What is needed
An exact copy of all the data below is needed, without its pictures.

Given material
---+---
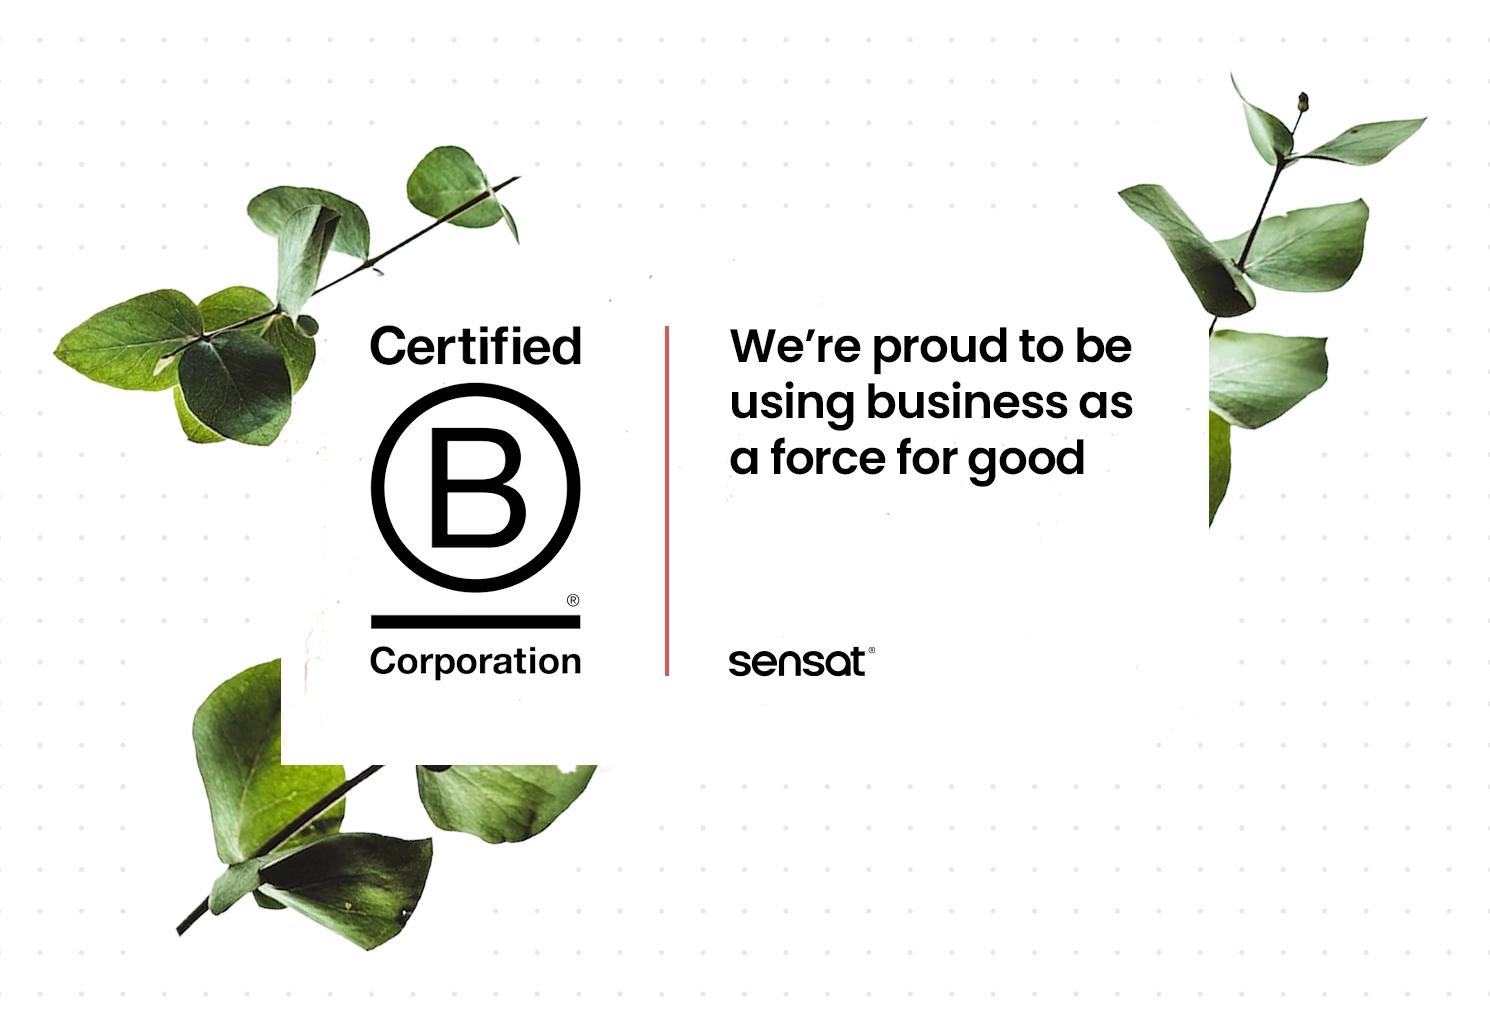 Sensat certifies as a B Corporation
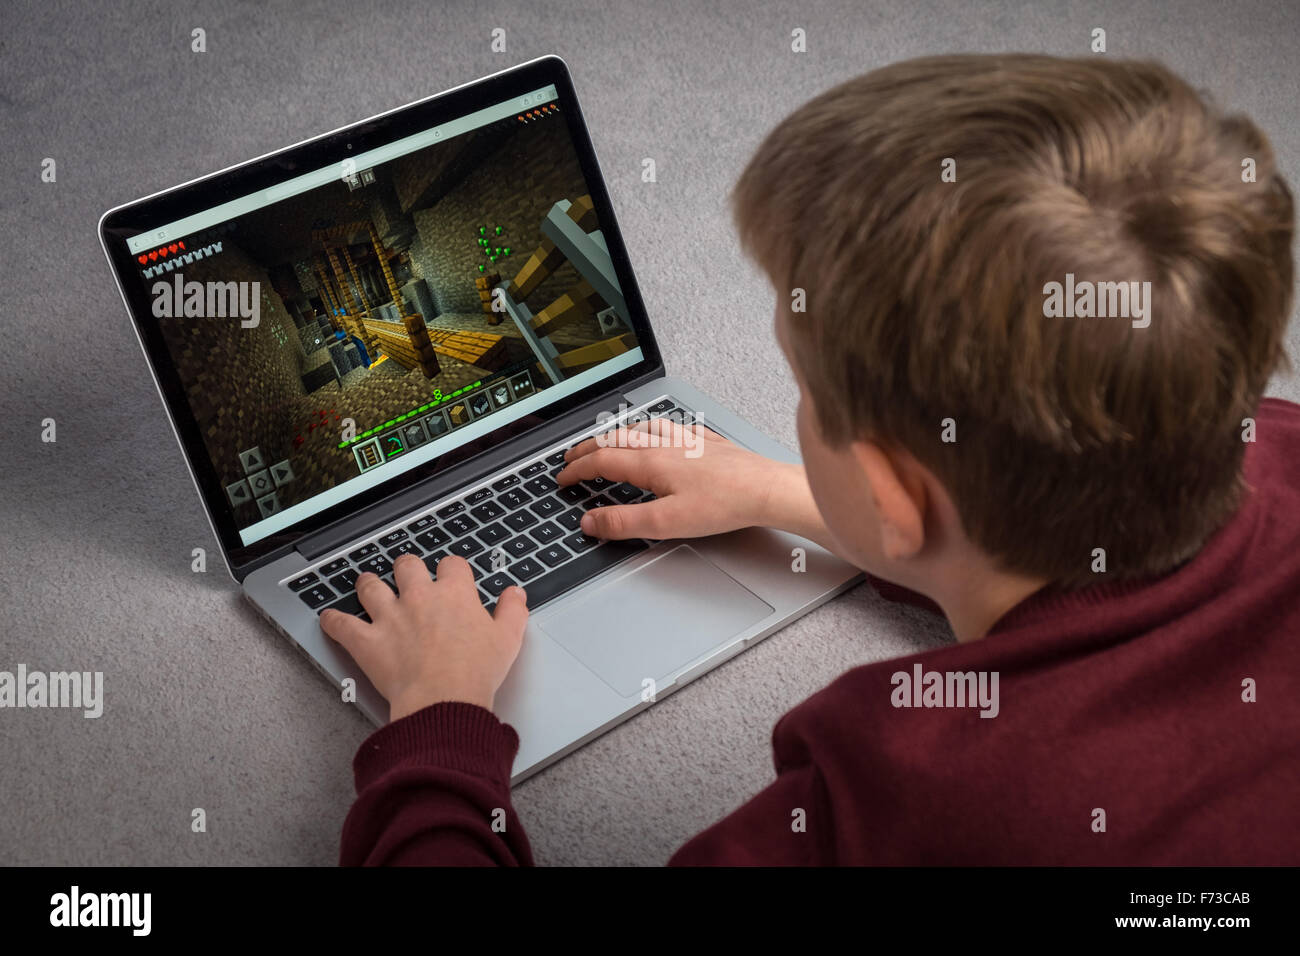 Un niño que está jugando el juego de ordenador Minecraft en un portátil. Foto de stock
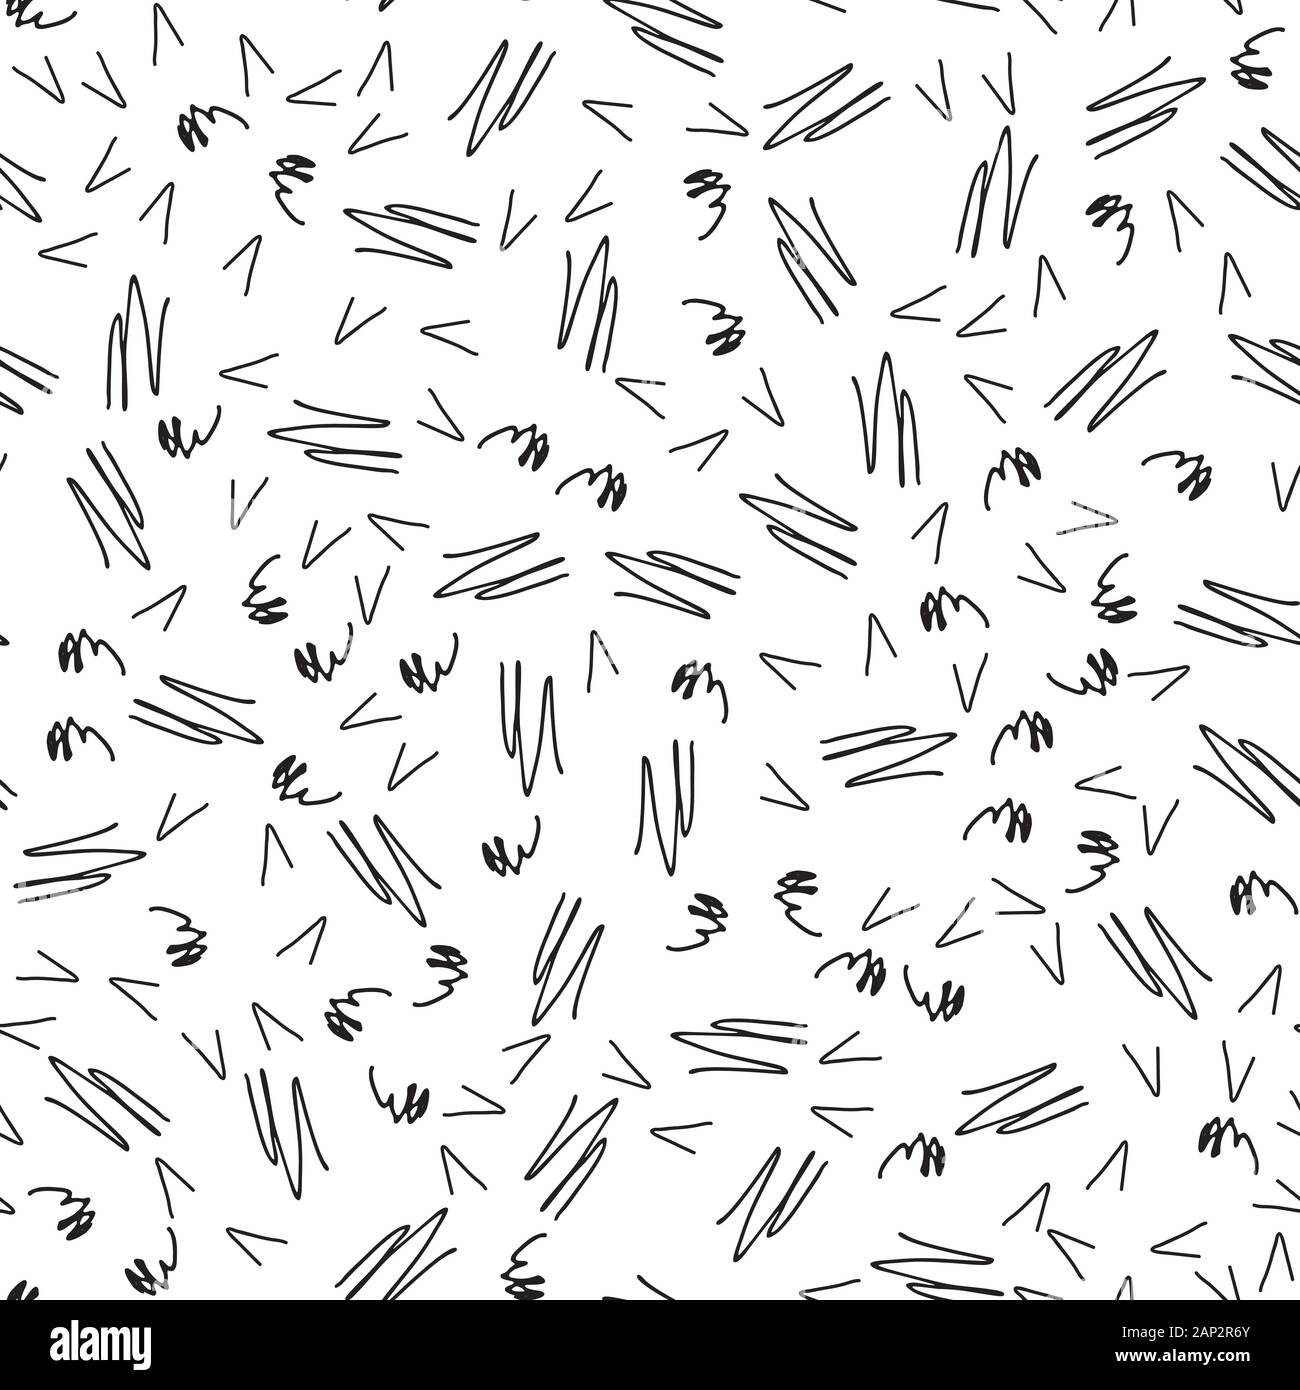 Zusammenfassung nahtlose Muster mit Gekritzel auf weißen Hintergrund. Einfache abstrakte Muster Hintergrund für interrior, Textildesign, Papier Handwerk. Hand gezeichnet Stock Vektor
---+---
Finished exercise
 Sensat certifies as a B Corporation
 Un niño que está jugando el juego de ordenador Minecraft en un portátil. Foto de stock
 Zusammenfassung nahtlose Muster mit Gekritzel auf weißen Hintergrund. Einfache abstrakte Muster Hintergrund für interrior, Textildesign, Papier Handwerk. Hand gezeichnet Stock Vektor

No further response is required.